This is also the time of the so-called “Council of Jerusalem” when supposedly Paul regaled the brothers with tales of “miracles and wonders” among the gentiles (Acts 15.12).

And yet Josephus knows nothing of all this:

When I was sixteen years old, I decided to get experience with the various sects that are among us. These are three: as we have said many times, the first, that of the Pharisees, the second that of the Saduccees, the third, that of the Essenes. For I thought that in this way I would choose best, if I carefully examined them all. Therefore, submitting myself to strict training, I passed through the three groups.” – Life, 2.

Josephus elsewhere does record a “fourth sect of Jewish philosophy” and reports that it was a “mad distemper” agitating the entire country. But it has nothing to do with Christianity and its superstar:

But of the fourth sect of Jewish philosophy, Judas the Galilean was the author. These men agree in all other things with the Pharisaic notions; but they have an inviolable attachment to liberty, and say that God is to be their only Ruler and Lord.

They also do not value dying any kinds of death, nor indeed do they heed the deaths of their relations and friends, nor can any such fear make them call any man Lord …

And it was in Gessius Florus’s time that the nation began to grow mad with this distemper, who was our procurator, and who occasioned the Jews to go wild with it by the abuse of his authority, and to make them revolt from the Romans. And these are the sects of Jewish philosophy.” – Antiquities 18.23.

Nothing could better illustrate the bogus nature of the Testimonium than the remaining corpus of Josephus’s work.


In fact, the Josephus paragraph about Jesus does not appear until the beginning of the fourth century, at the time of Constantine.

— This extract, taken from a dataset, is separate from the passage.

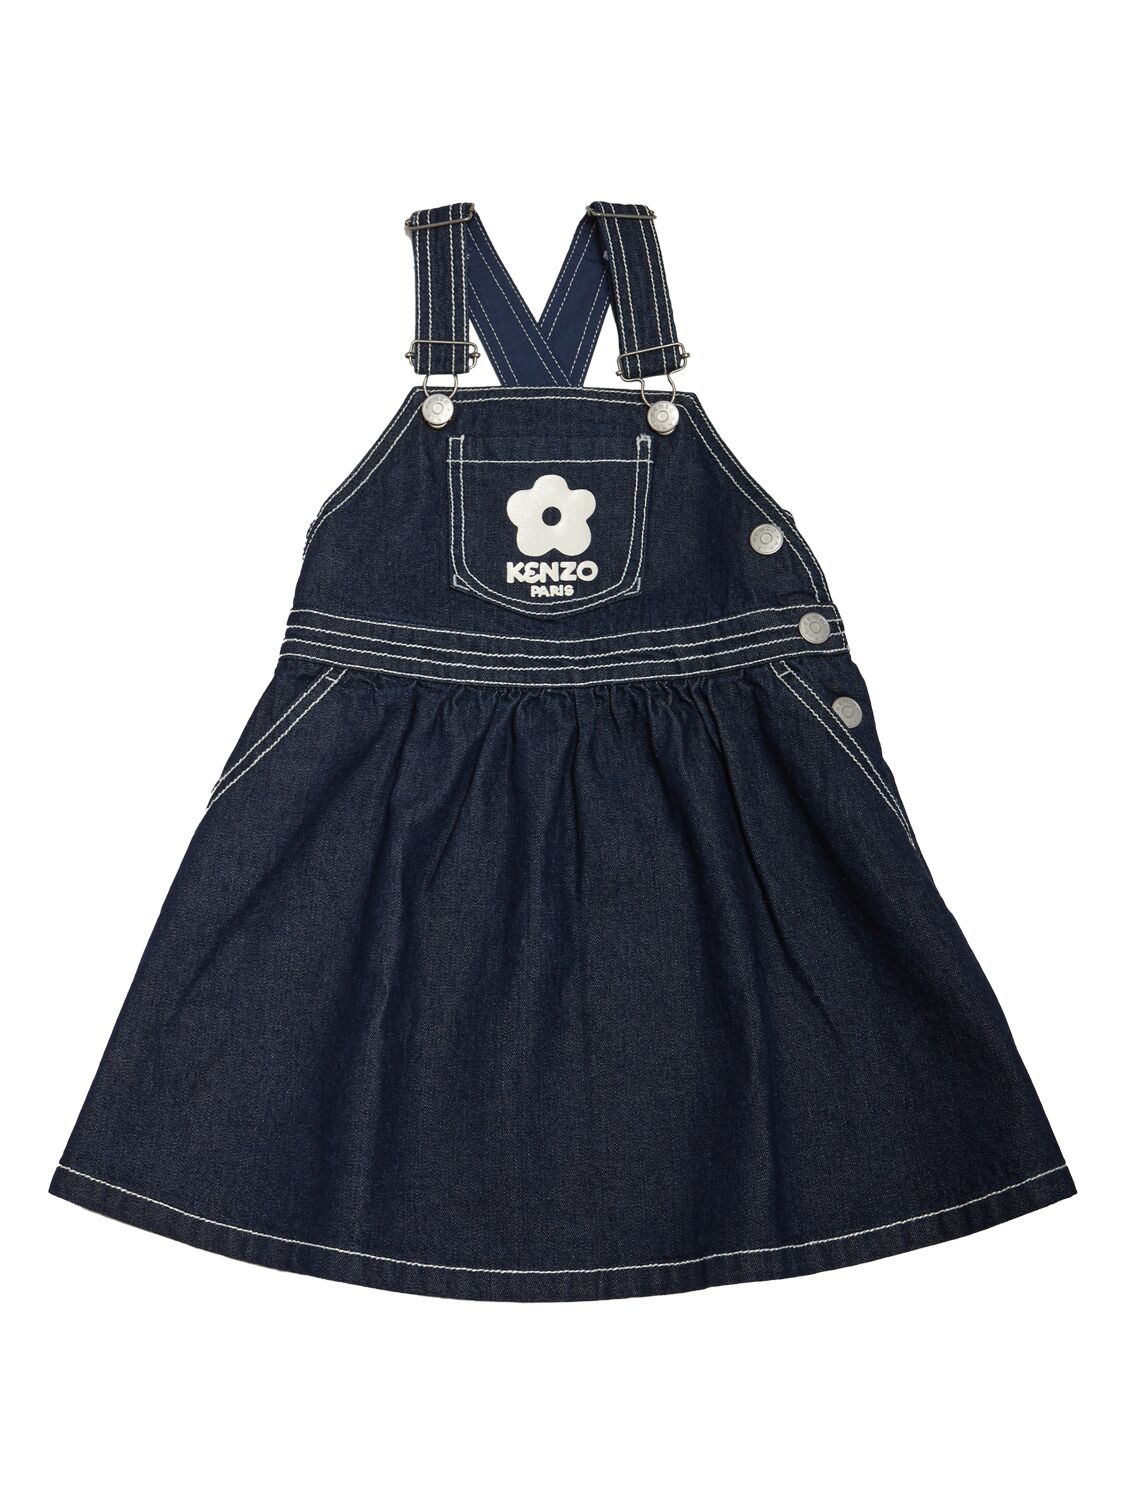 Kenzo Kids' Cotton Denim Dress
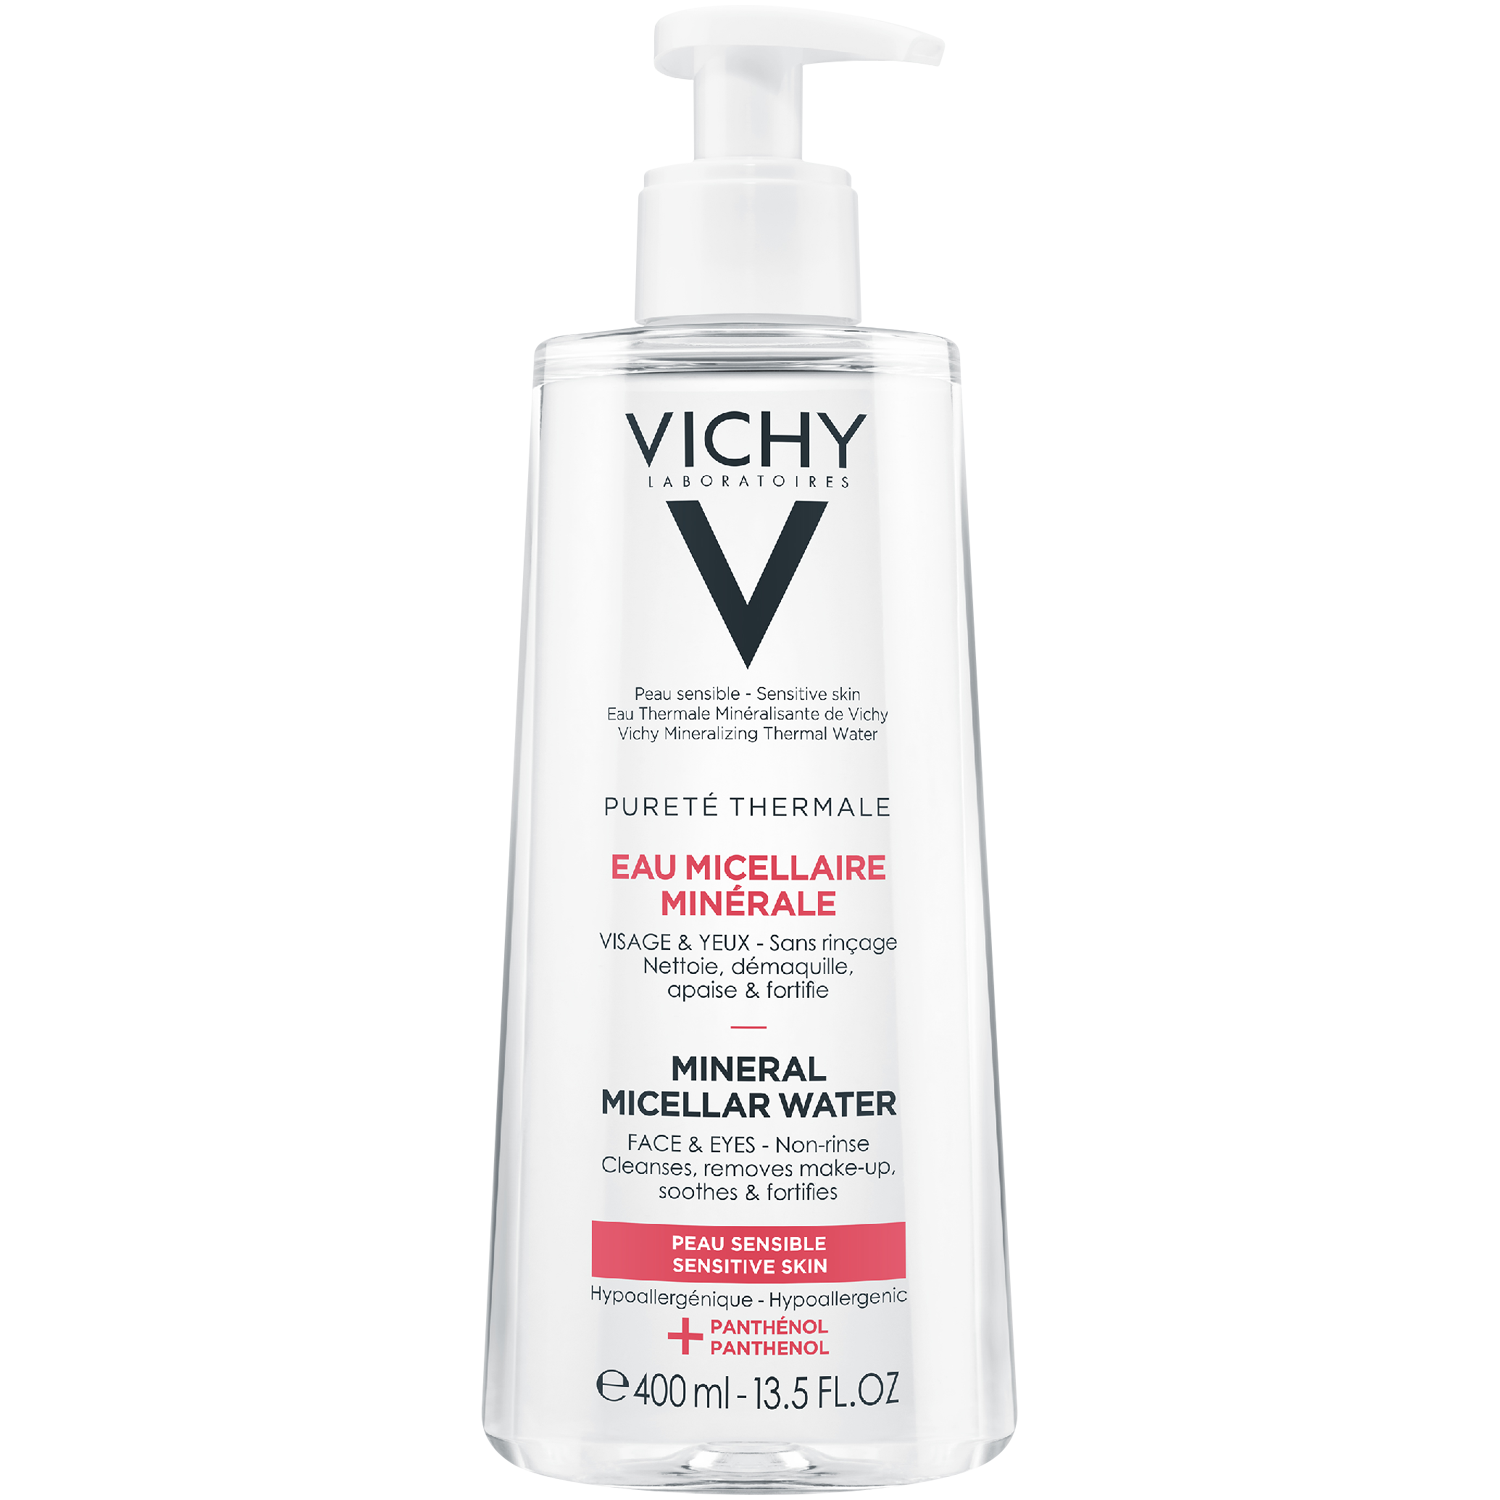 Vichy Purete Thermale мицеллярная вода для чувствительной кожи, 400 мл мицеллярная вода для чувствительной кожи vichy purete thermale 100мл

Bishop Eusebius, that great Church propagandist and self-confessed liar-for-god, was the first person known to have quoted this paragraph of Josephus, about the year 340 AD. This was after the Christians had become the custodians of religious correctness.

Whole libraries of antiquity were torched by the Christians. Yet unlike the works of his Jewish contemporaries, the histories of Josephus survived. They survived because the Christian censors had a use for them. They planted evidence on Josephus, turning the leading Jewish historian of his day into a witness for Jesus Christ ! Finding no references to Jesus anywhere in Josephus’s genuine work, they interpolated a brief but all-embracing reference based purely on Christian belief.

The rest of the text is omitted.